On Sat, 15 Jun 2019 19:56:58 -0500 Tim Peters firstname.lastname@example.org wrote:
At the start, obmalloc never returned arenas to the system. The vast majority of users were fine with that. A relative few weren't. Evan Jones wrote all the (considerable!) code to change that, and I massaged it and checked it in - not because there was "scientific proof" that it was more beneficial than harmful (it certainly added new expenses!) overall, but because it seemed like a right thing to do, _anticipating_ that the issue would become more important in coming years.
I'm still glad it was done, but no tests were checked in to _quantify_ its presumed benefits - or even to verify that it ever returned arenas to the system. Best I can tell, nobody actually has any informed idea how well it does. Evan stared at programs that were important to him, and fiddled things until he was "happy enough".
We moved from malloc() to mmap() for allocating arenas because of user requests to release memory more deterministically: https://bugs.python.org/issue11849
And given the number of people who use Python for long-running processes nowadays, I'm sure that they would notice (and be annoyed) if Python did not release memory after memory consumption spikes.
I've looked at obmalloc stats in other programs at various stages, and saw nothing concerning. memchunk.py appears to model object lifetimes as coming from a uniform distribution, but in real life they appear to be strongly multi-modal (with high peaks at the "way less than an eye blink" and "effectively immortal" ends).
I agree they will certainly be multi-modal, with the number of modes, their respective weights and their temporal distance widely dependent on use cases.
(the fact that they're multi-modal is the reason why generational GC is useful, btw)
We haven't been especially pro-active about giant machines, and are suffering from it:
So you're definitely trying to solve a problem, right?
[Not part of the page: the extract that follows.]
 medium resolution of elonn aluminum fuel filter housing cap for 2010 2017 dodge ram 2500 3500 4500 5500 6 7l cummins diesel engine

Fixing the underlying cause put giant machines on my radar, and getting rid of obmalloc's pool size limit was the next obvious thing that would help them (although not in the same universe as cutting quadratic time to linear).
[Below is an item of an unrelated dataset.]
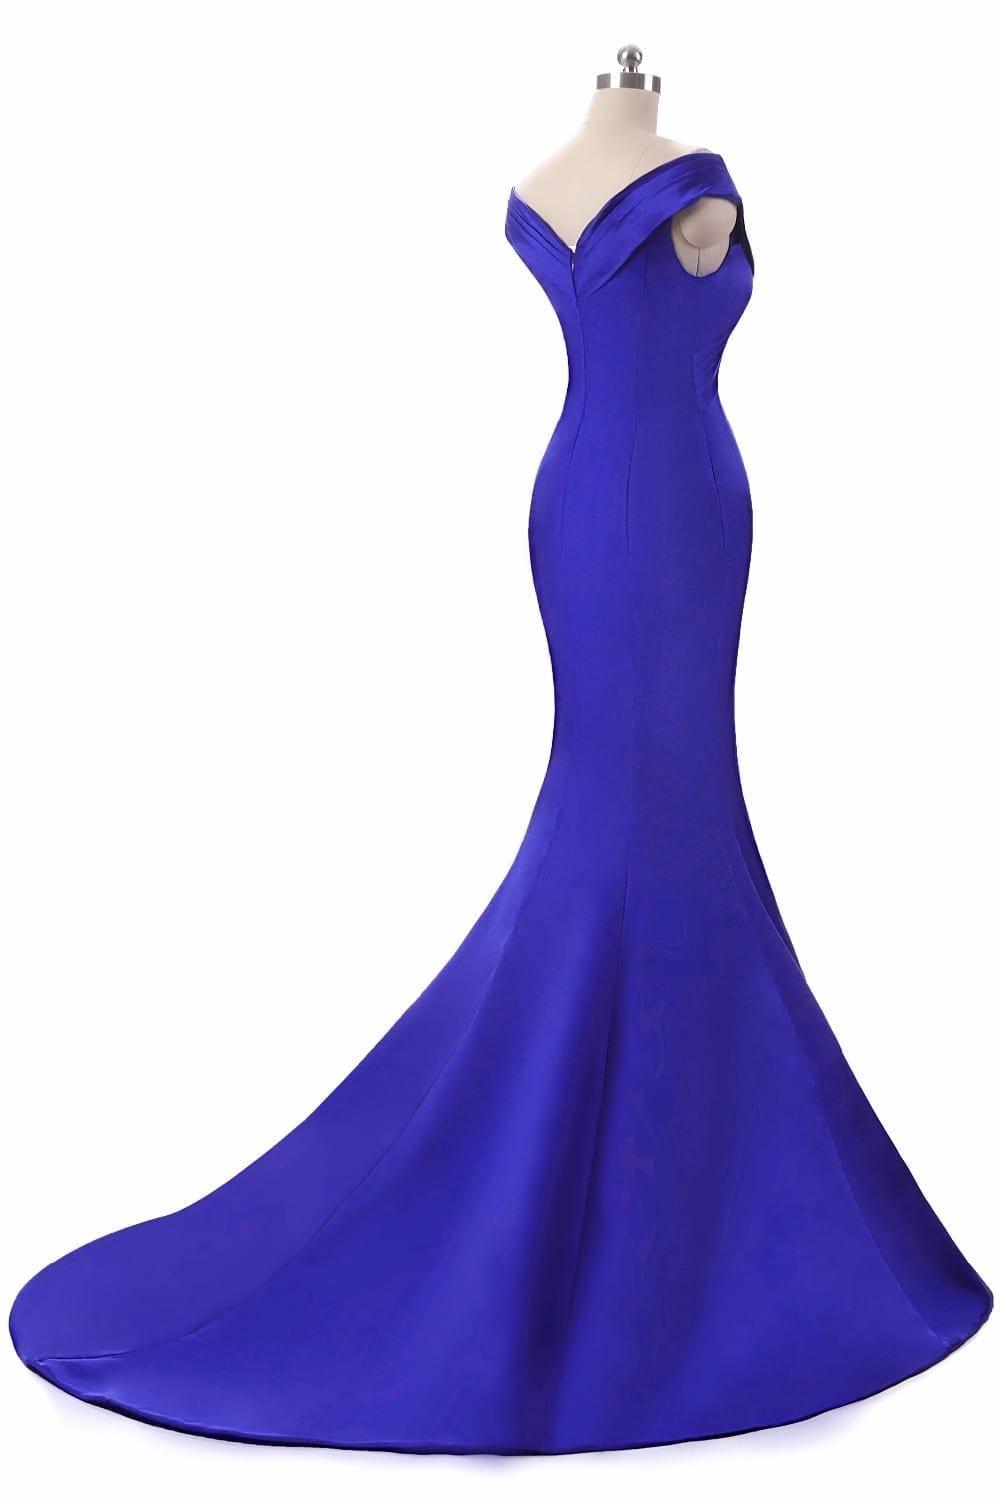 Royal Blue V-neck Floor Length Mermaid Long Evening Dress

"Not in the same universe", indeed. So the question becomes: does the improvement increasing the pool and arena size have a negative outcome on *other* use cases?
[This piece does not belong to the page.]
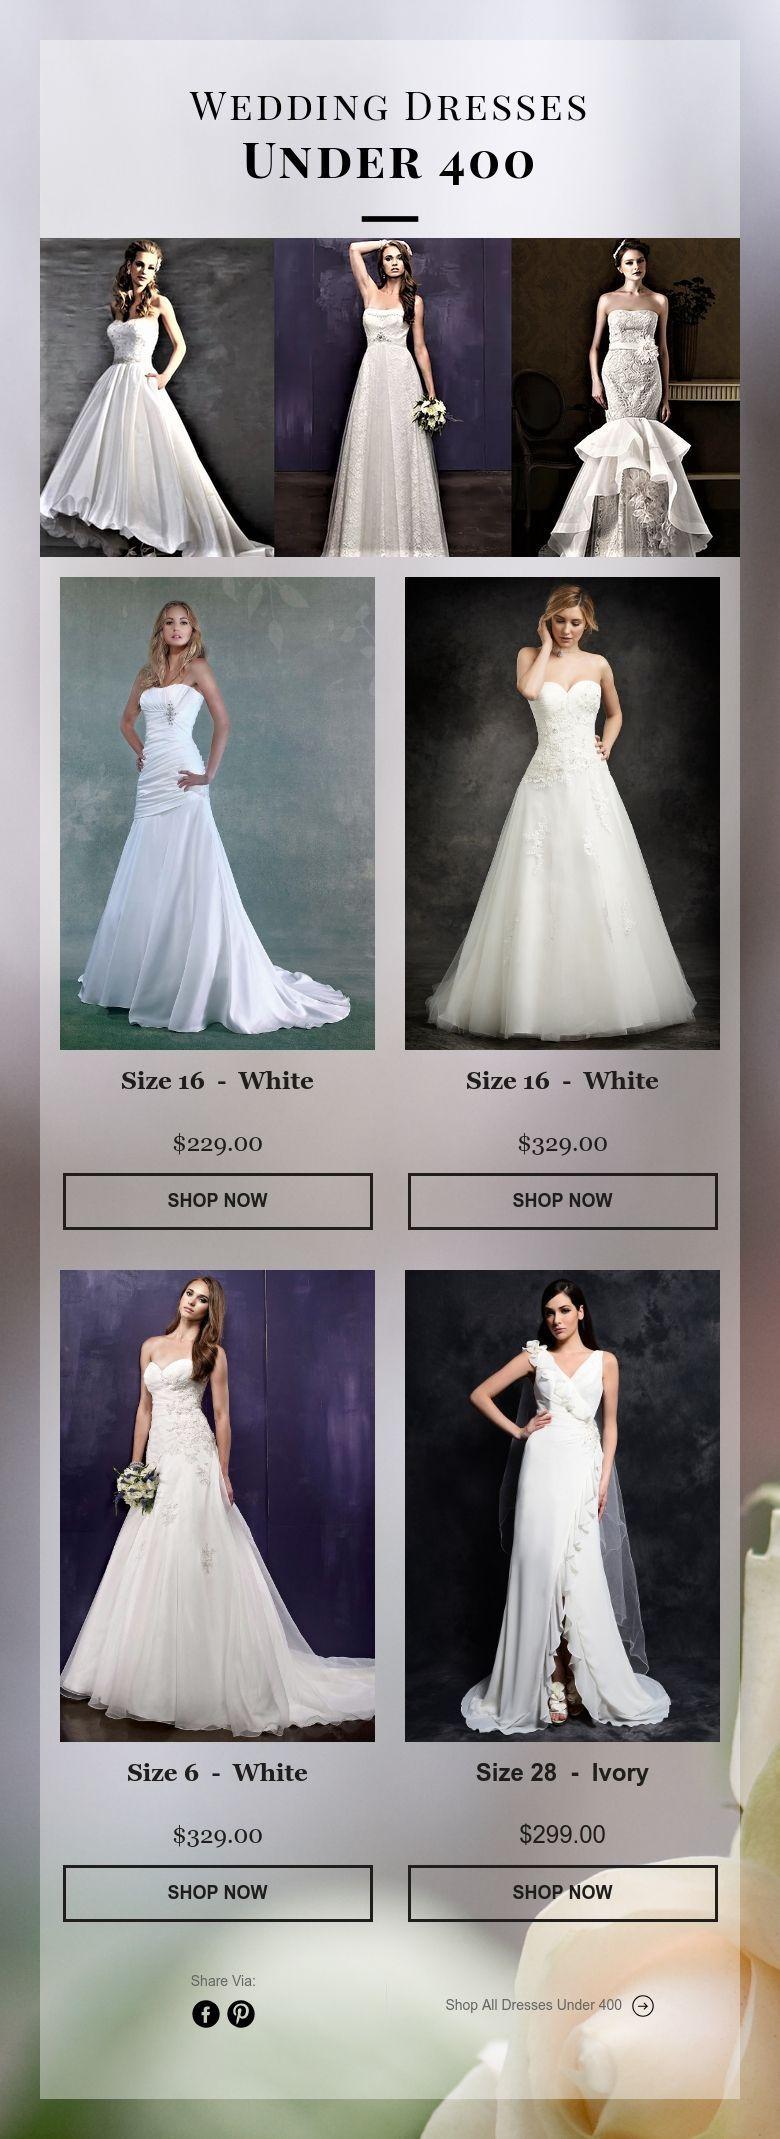 Wedding Dresses Under 400 New Never Worn Or Altered Www Bridaloutletofamerica Com Long Beach Wedding Dresses Long Bridal Gown Ball Gowns Wedding

Not everyone has giant machines. Actually a frequent usage model is to have many small VMs or containers on a medium-size machine.
For example, it has to allocate at least 56 bytes of separate bookkeeping info for each arena. Nobody cares when they have 100 arenas, but when there are a million arenas (which I've seen), that adds up.
In relative terms, assuming that arenas are 50% full on average (probably a pessimistic assumption?), that overhead is 0.08% per arena memory used. What point is worrying about that?
If the problem is the cost of mmap() and munmap() calls, then the solution more or less exists at the system level: jemalloc and other allocators use madvise() with MADV_FREE (see here: https://lwn.net/Articles/593564/).
A possible design is a free list of arenas on which you use MADV_FREE to let the system know the memory *can* be reclaimed. When the free list overflows, call munmap() on extraneous arenas.
People can certainly pursue that if they like. I'm not interested in adding more complication that helps only one of obmalloc's slowest paths on only one platform.
MADV_FREE is available on multiple platforms (at least Linux, macOS, FreeBSD). Windows seems to offer similar facilities: https://devblogs.microsoft.com/oldnewthing/20170113-00/?p=95185
The dead obvious, dead simple, way to reduce mmap() expense is to call it less often, which just requires changing a compile-time constant - which will also call VirtualAlloc() equally less often on Windows.
That's assuming the dominating term in mmap() cost is O(1) rather than O(size). That's not a given. The system call cost is certainly O(1), but the cost of reserving and mapping HW pages, and zeroing them out is most certainly O(# pages).